TASK STATEMENT —
Everything from the line that has "明式官帽椅是中国明代家具中的经典类型之一,它具有明式家具线条洗炼" to the last line of the listing must be repeated exactly, and nothing more; omit the pictures.

SOURCE MATERIAL —

★ ★ ★

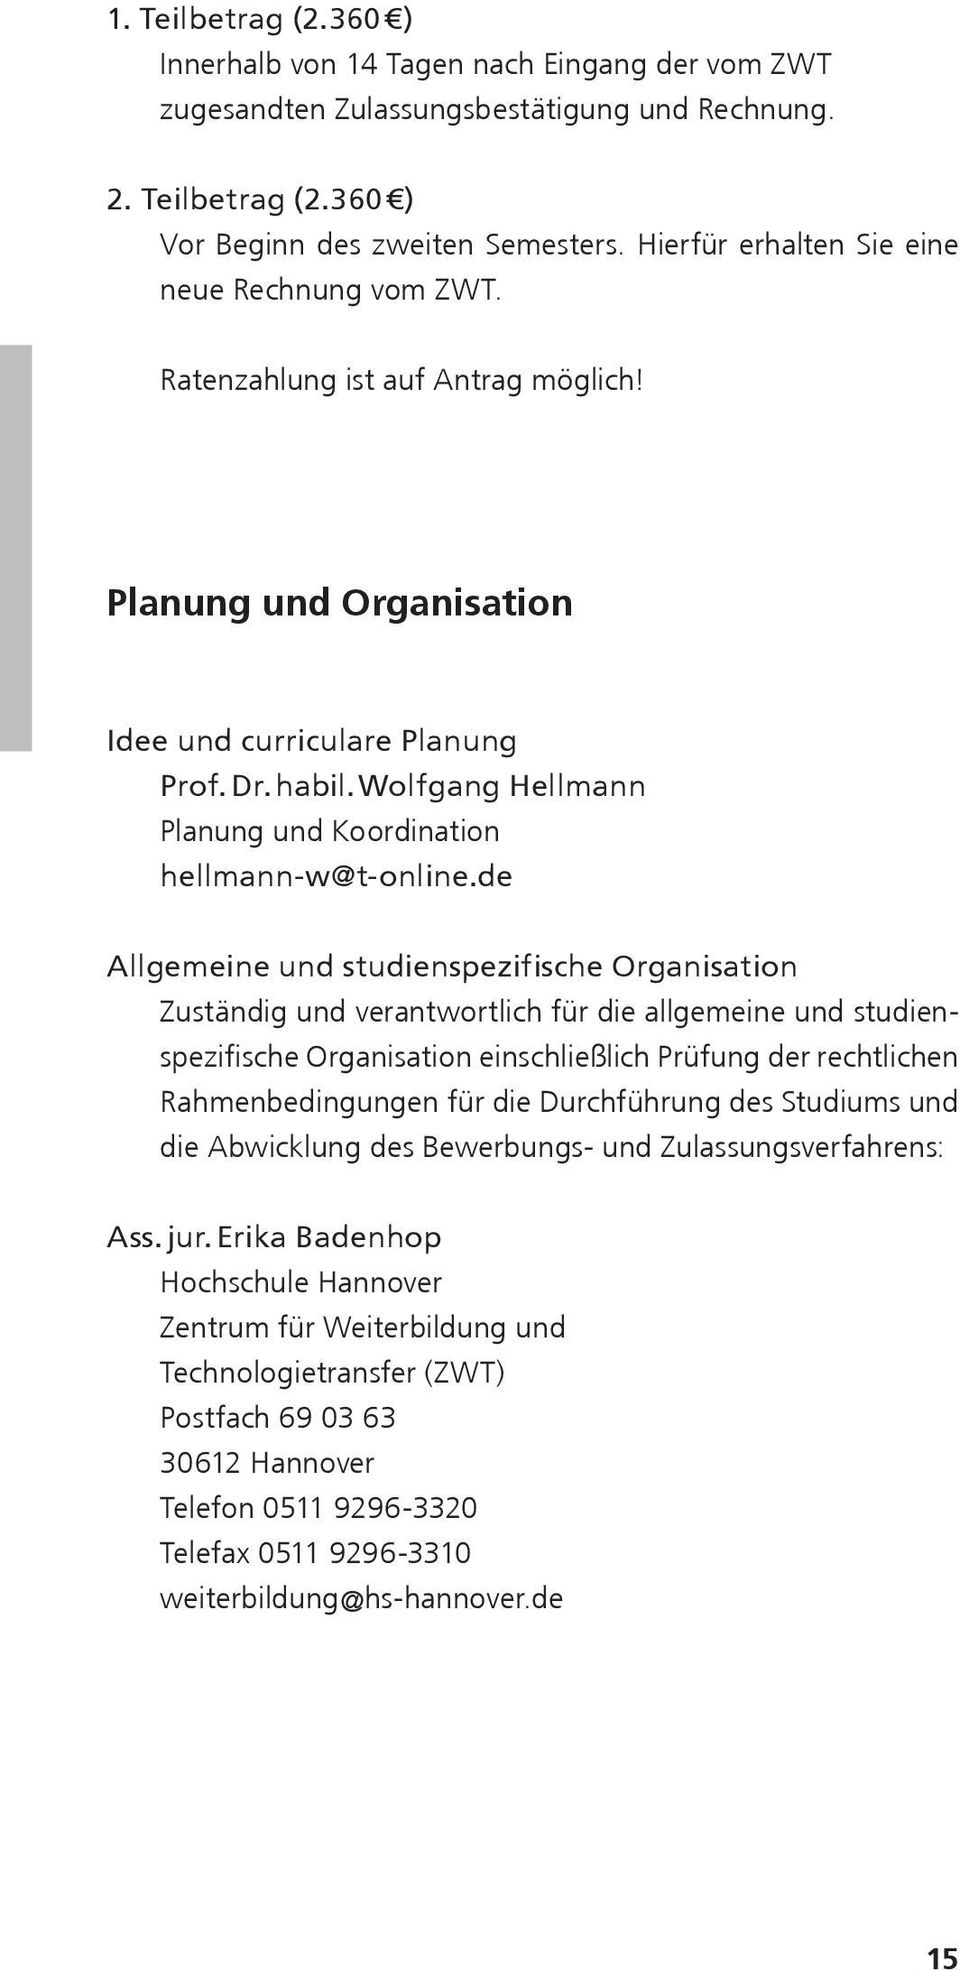 Wolfgang Hellmann Planung und Koordination hellmann-w@t-online.
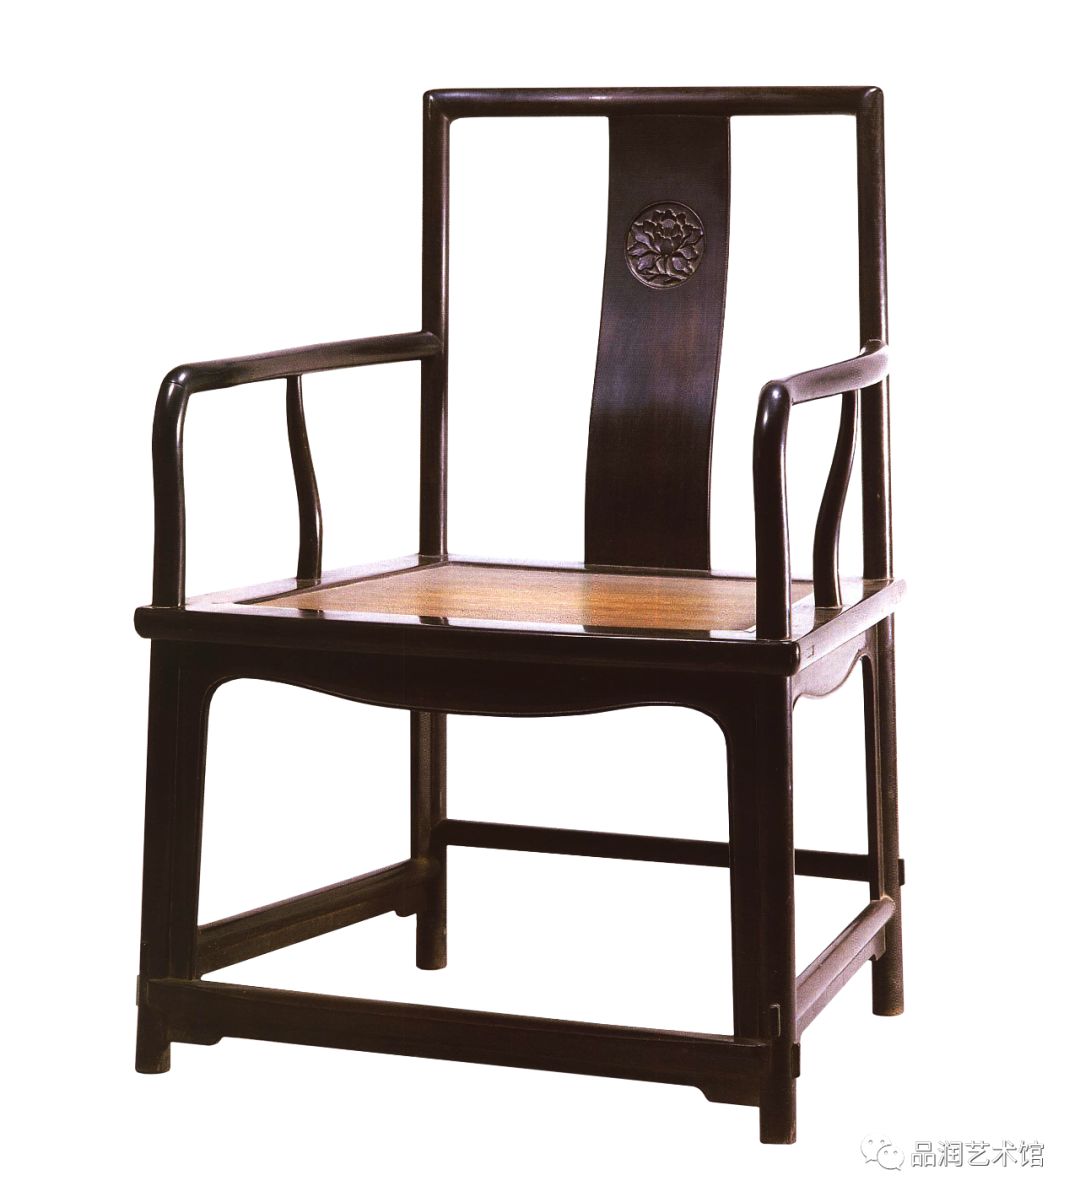 明式官帽椅是中国明代家具中的经典类型之一,它具有明式家具线条洗炼
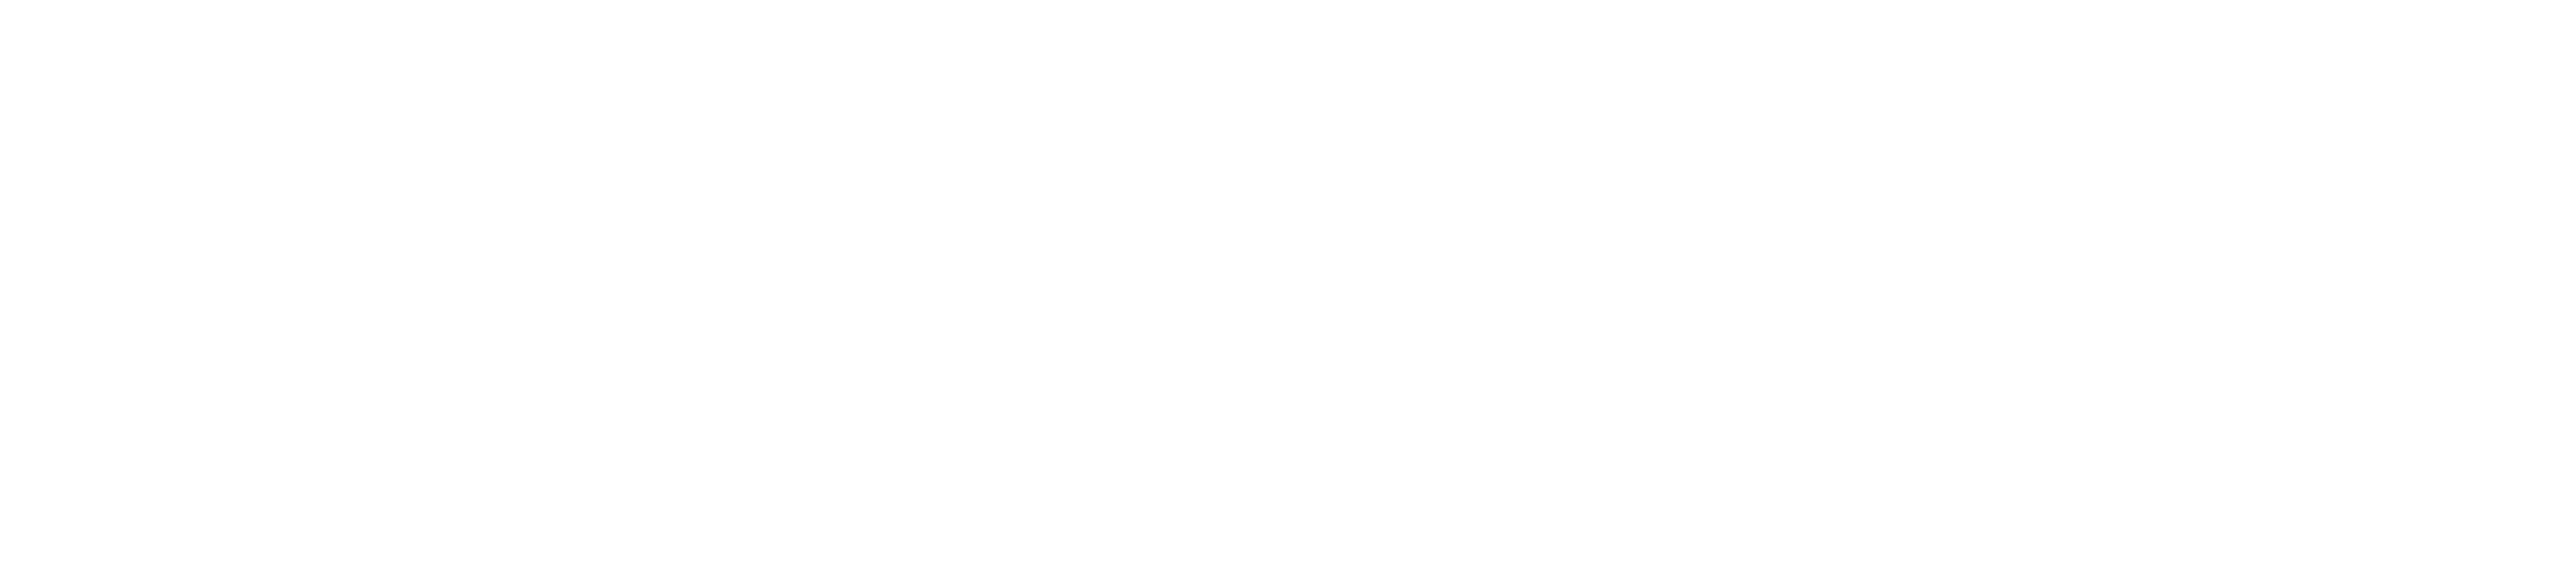 impulsado por el logotipo de donaciones comunitarias

★ ★ ★

YOUR SOLUTION —
 明式官帽椅是中国明代家具中的经典类型之一,它具有明式家具线条洗炼
 impulsado por el logotipo de donaciones comunitarias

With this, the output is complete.